**DATA EXTRACT**
▬▬▬▬▬▬
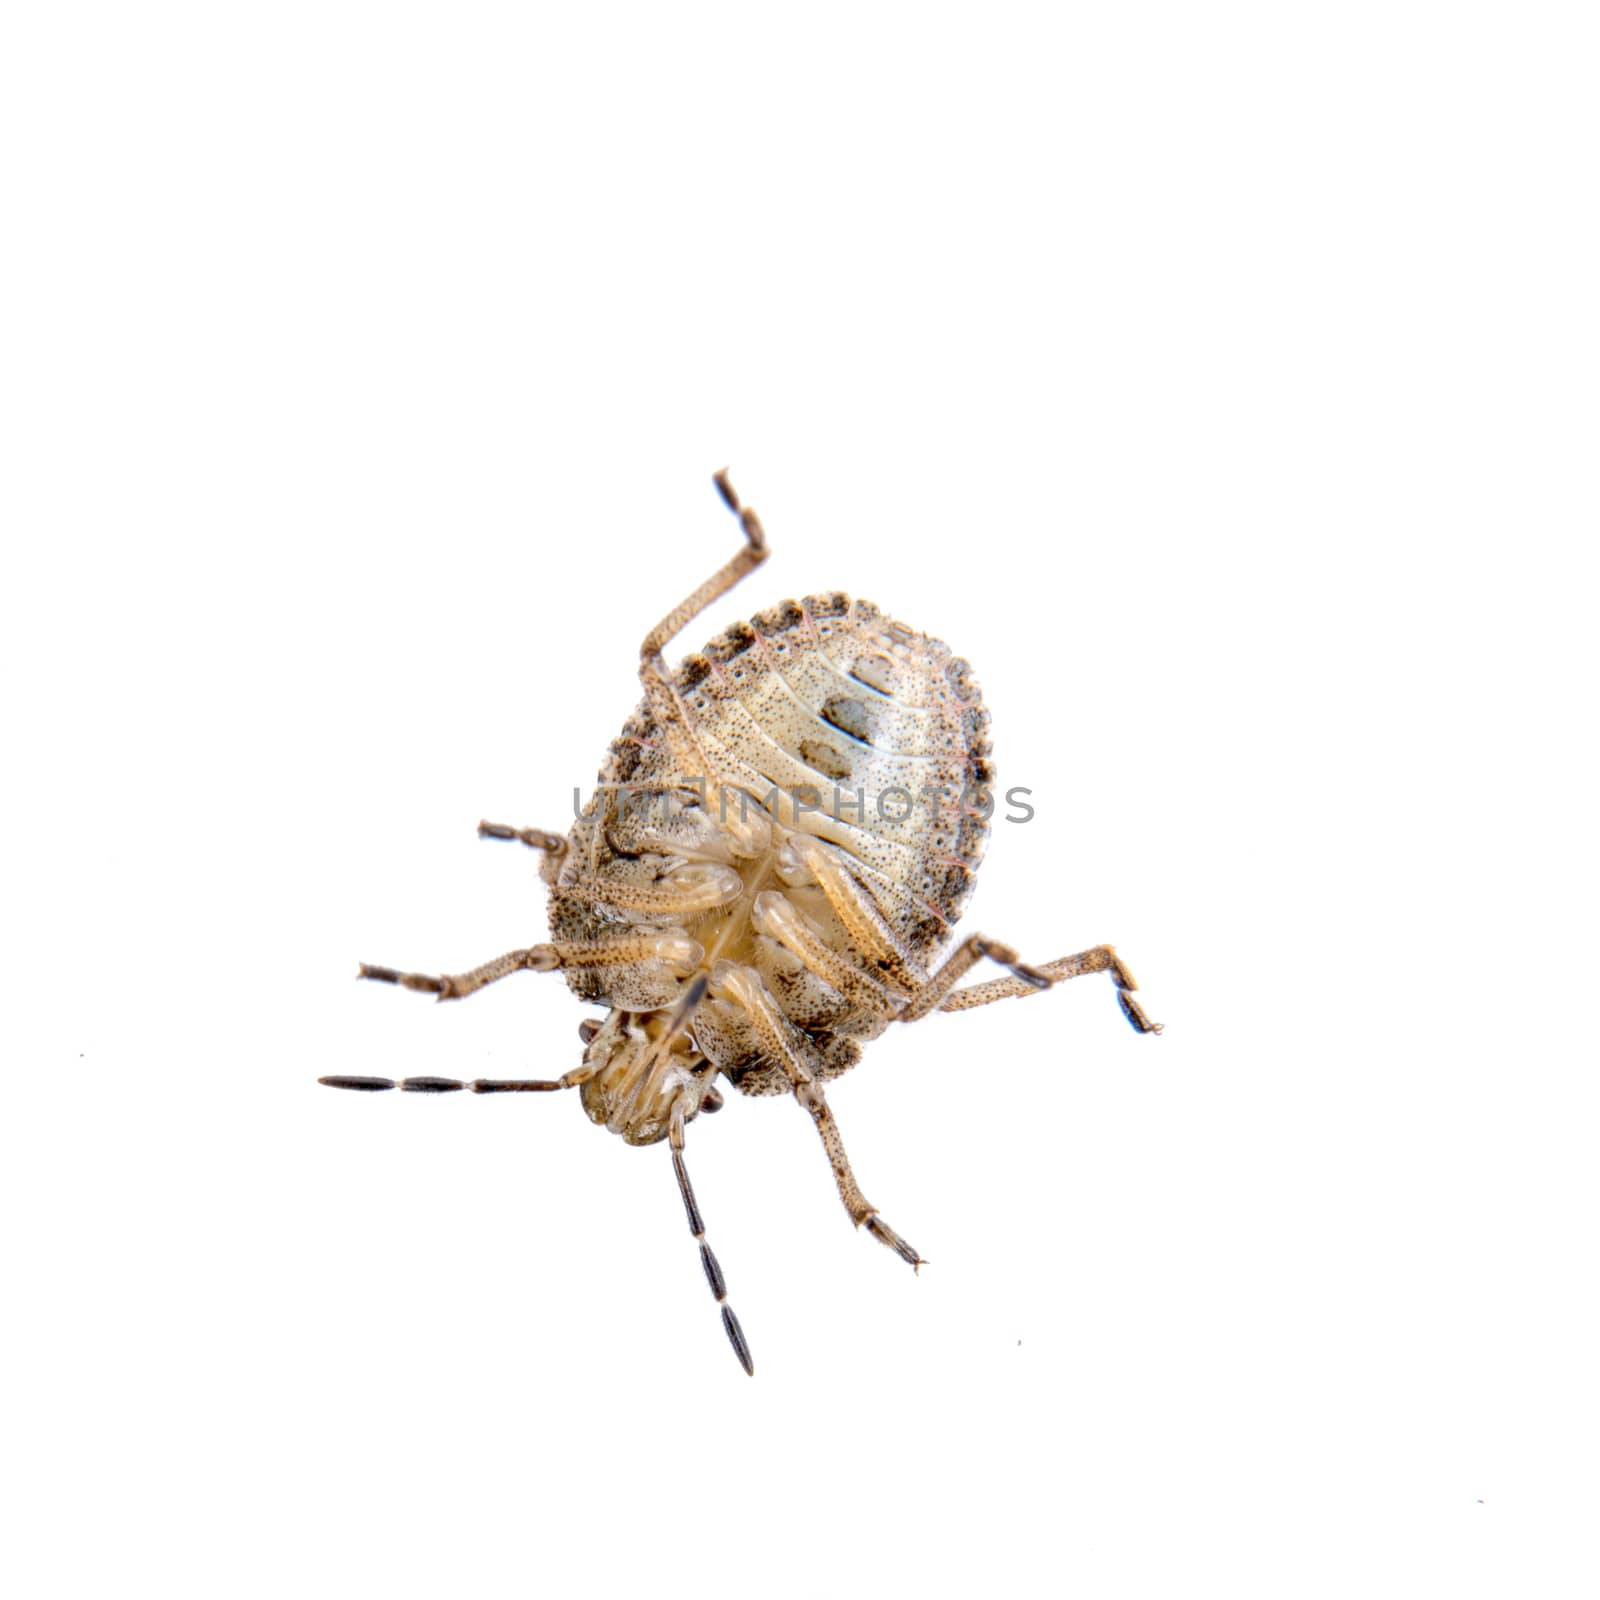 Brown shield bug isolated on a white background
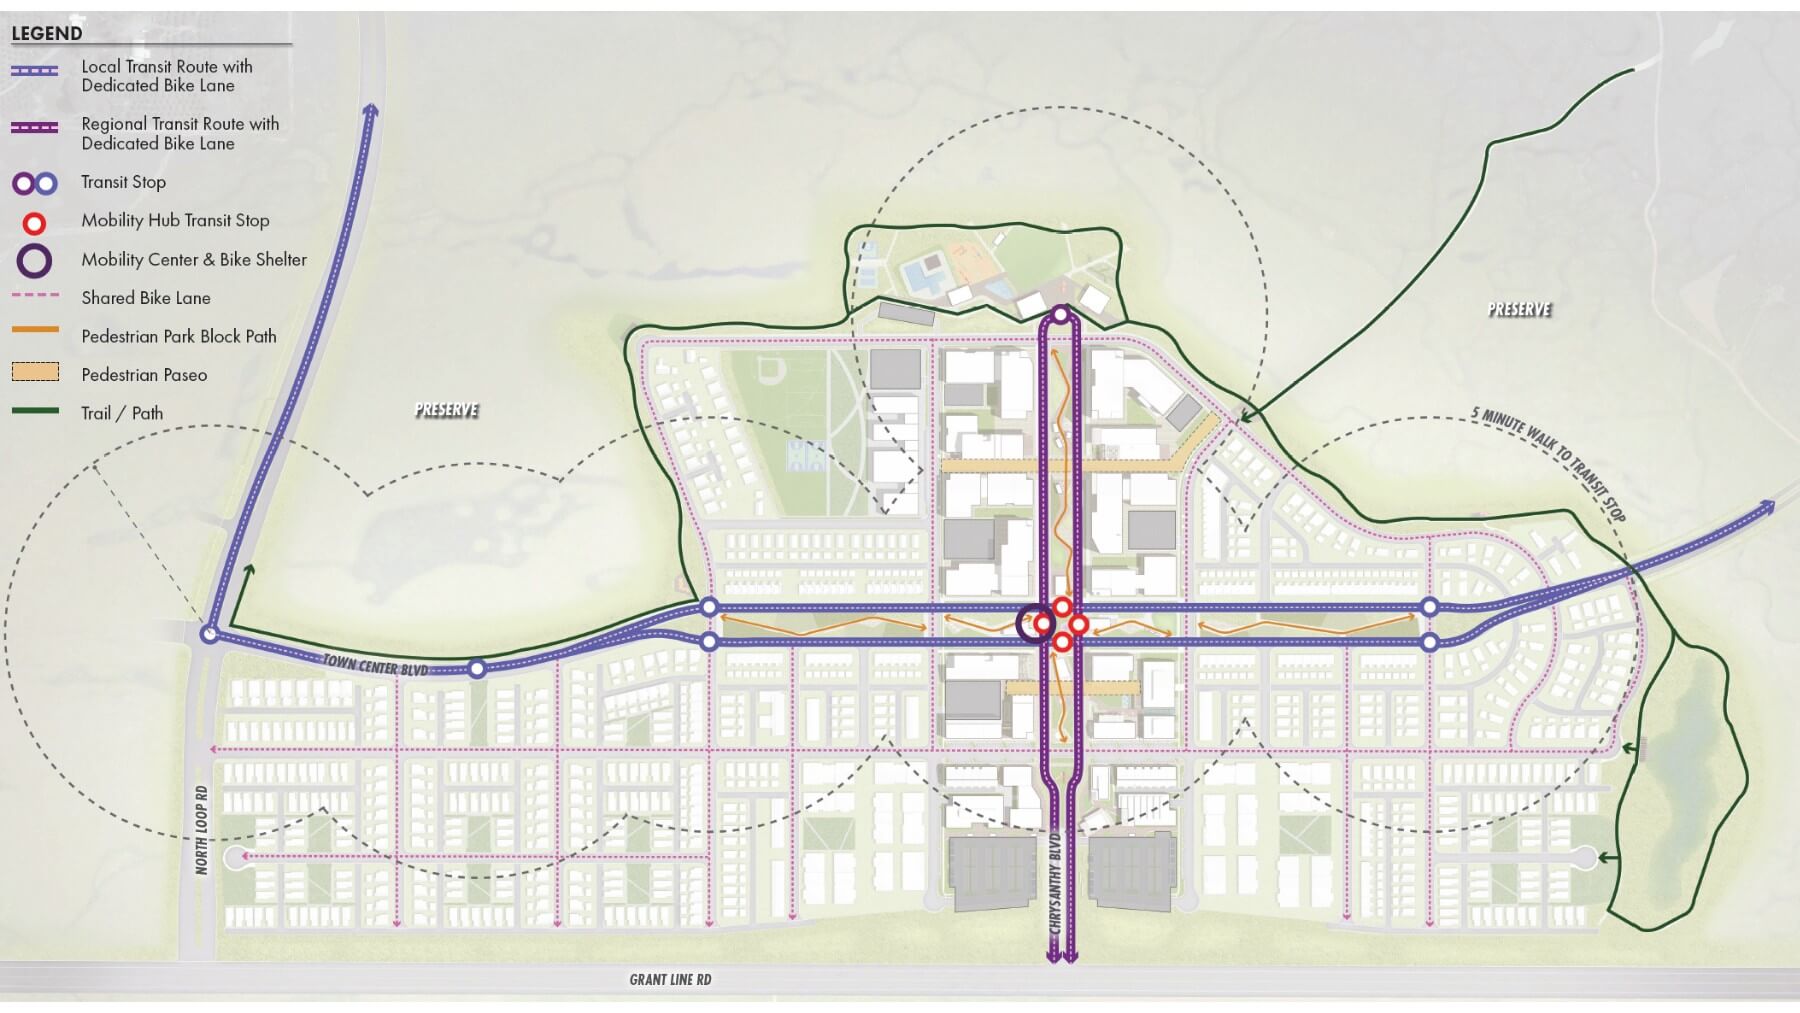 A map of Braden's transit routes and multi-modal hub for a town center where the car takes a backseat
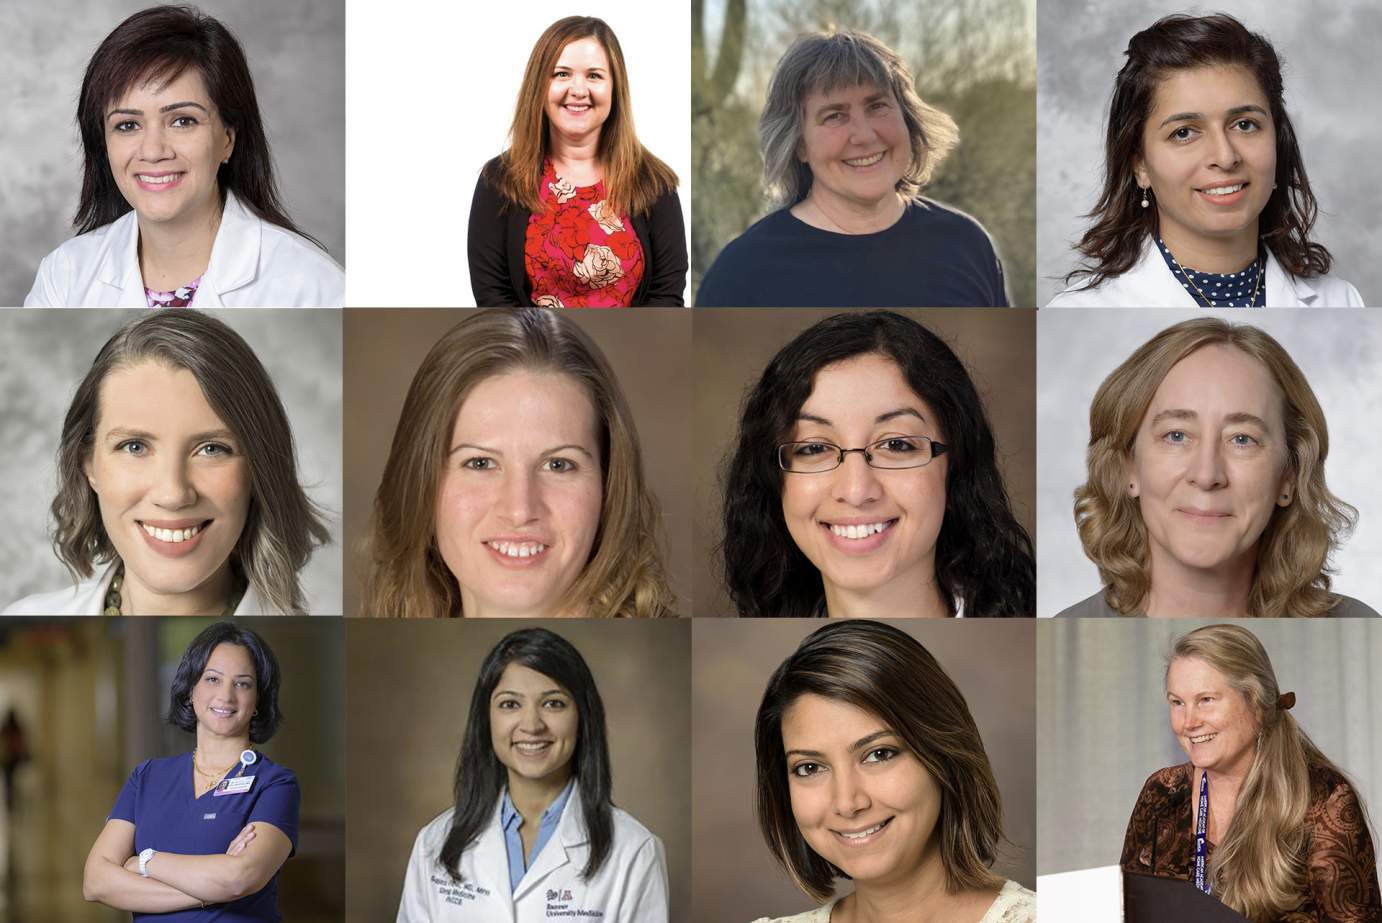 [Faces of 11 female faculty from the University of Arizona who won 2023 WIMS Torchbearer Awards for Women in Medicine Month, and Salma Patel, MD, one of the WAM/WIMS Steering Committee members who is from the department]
▬▬▬▬▬▬
**WHAT TO DO**
Return each line above exactly; any pictures are to be skipped.

**ANSWER SPACE**
 Brown shield bug isolated on a white background
 A map of Braden's transit routes and multi-modal hub for a town center where the car takes a backseat
 [Faces of 11 female faculty from the University of Arizona who won 2023 WIMS Torchbearer Awards for Women in Medicine Month, and Salma Patel, MD, one of the WAM/WIMS Steering Committee members who is from the department]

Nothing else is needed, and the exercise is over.